I guess...yeah I'm sure there are all kinds of factors. I think I blathered about a little of them, did I not? [Actually, I should just step back and let you say what you mean here, so I don't crowd the space and make sure to get your thinking.] I dig multifactor analysis (well, not really, I'm not a math jock, but I like imagining all these things as concepts). I would say though that we need to build insight from the mist. Before our single output metric was NUMBER of FAs and GAs. Sure that is a metric. But a pretty flawed one. Gameable. At least I add another factor (number of views) that gives a lot more insight than just "an article" into what the readers care about. (and VAs, Louie's importance and Gorbatai's project rankings...all show similar implications for a purely subjective ranking of importance.) .

In terms of causative factors...hey...I totally buy some of the fundamental issues with the Wiki: crappy interface, that you don't get a byline, that others can screw up your prose and bog you down with gnomey-shit fights that make you not even want to work on an article and then where is the damned gnome stuck with nothing to fuck with, Facebook competition, bullyboy admins, fill in more. But I would just counter this and say...yeah...we KNOW those things exist. And sure I'm up for the cause for fixing some of them.
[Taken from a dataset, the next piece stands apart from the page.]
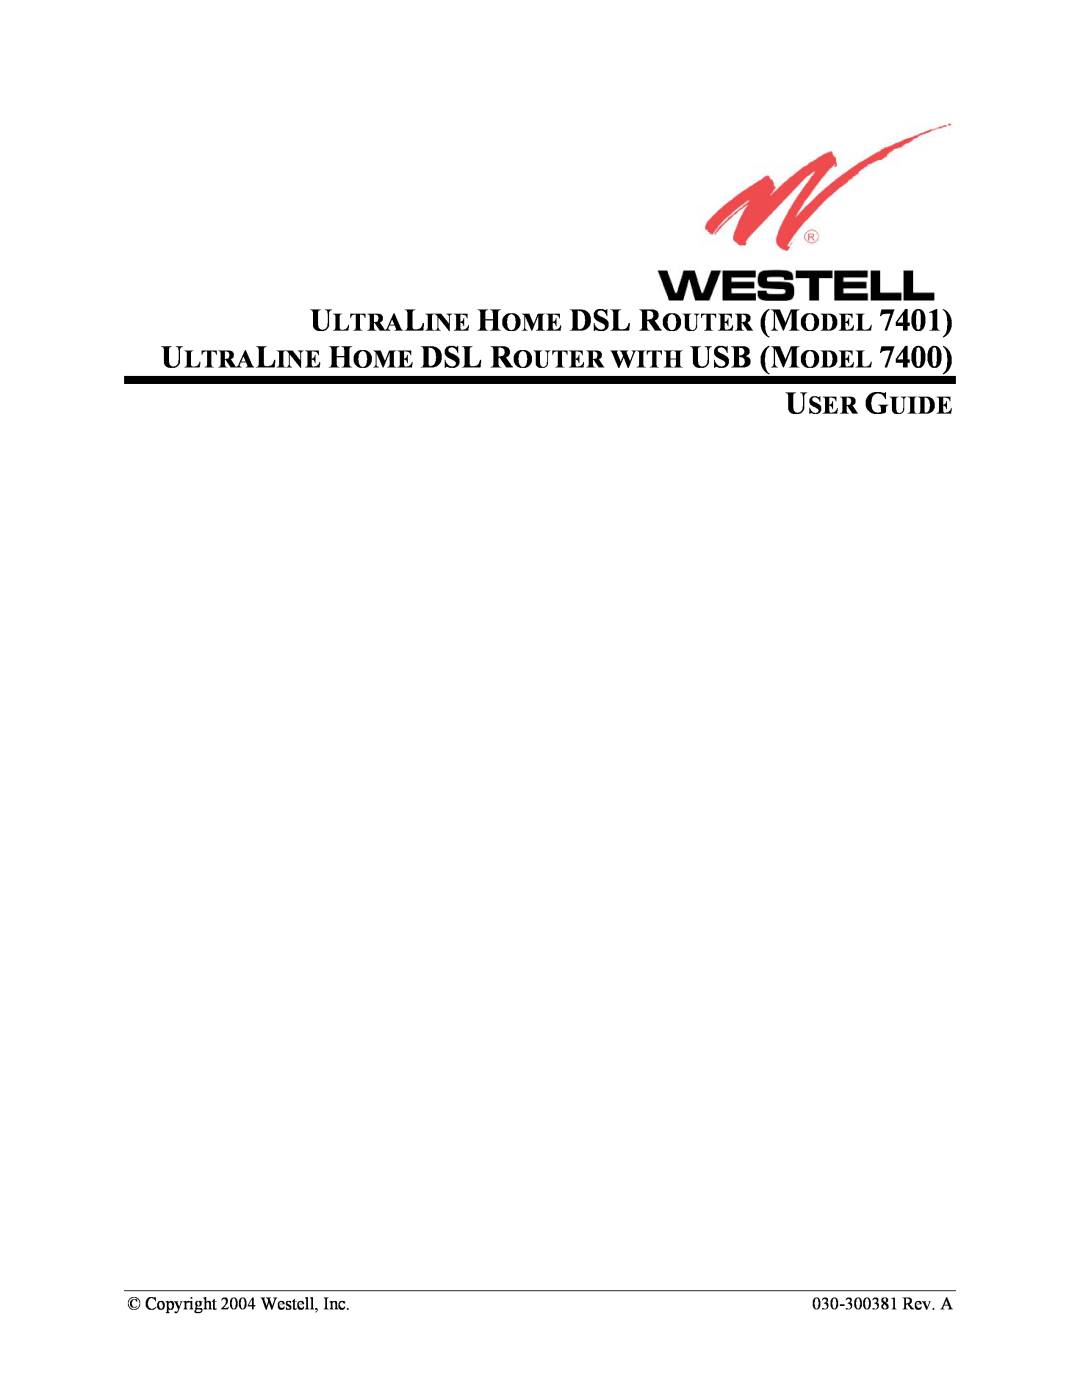 Westell Technologies 7400, 7401 manual User Guide, Copyright 2004 Westell, Inc, 030-300381 Rev. A

But we also KNOW star collecting is a substantial driver of behavior in the current situation. All the outside literature on the Internet supports this. And all the cuts of looking at things I did. Do we really think that all those hurricane articles would be FA/GA and Andrew not if the rewards were page view weighted somehow? That the WikiCup with pageview weighted rules would not drive very substantial contribution vice templated GAs? So sure...the problem is hypercomplicated, but that does not mean we can't get some insights and consider some changes right now.

Donno about more analysis. I personally punched all those pages, wrote down all those numbers, etc. without server data and made like 40 pages of Excel. The only places with server data are the published Gorbatai analysis and the new Gorbatai analysis. I think there is some academic interest that was already heading down these same tracks so maybe you get more of that power of analysis (although I find some times being close to the data helps as well...not just massive data crunching on variables provided, but doing cases and the like).

I've had a little discussion about an (probably more than one) academic paper. It might be a lot of work though. And I really wrote it as more of a corporate strategy weeney document than something academic. It's more like a selection of several of the (sometimes quite good) little studies that people do here on the Wiki to understand this or that (e.g. can see the ones done on IP vandalism of TFAs). I may have a paid gig coming in soon and need to keep earning dineros to feed my cats, so can't really commit to more grunt work. Maybe it sparks some thoughts?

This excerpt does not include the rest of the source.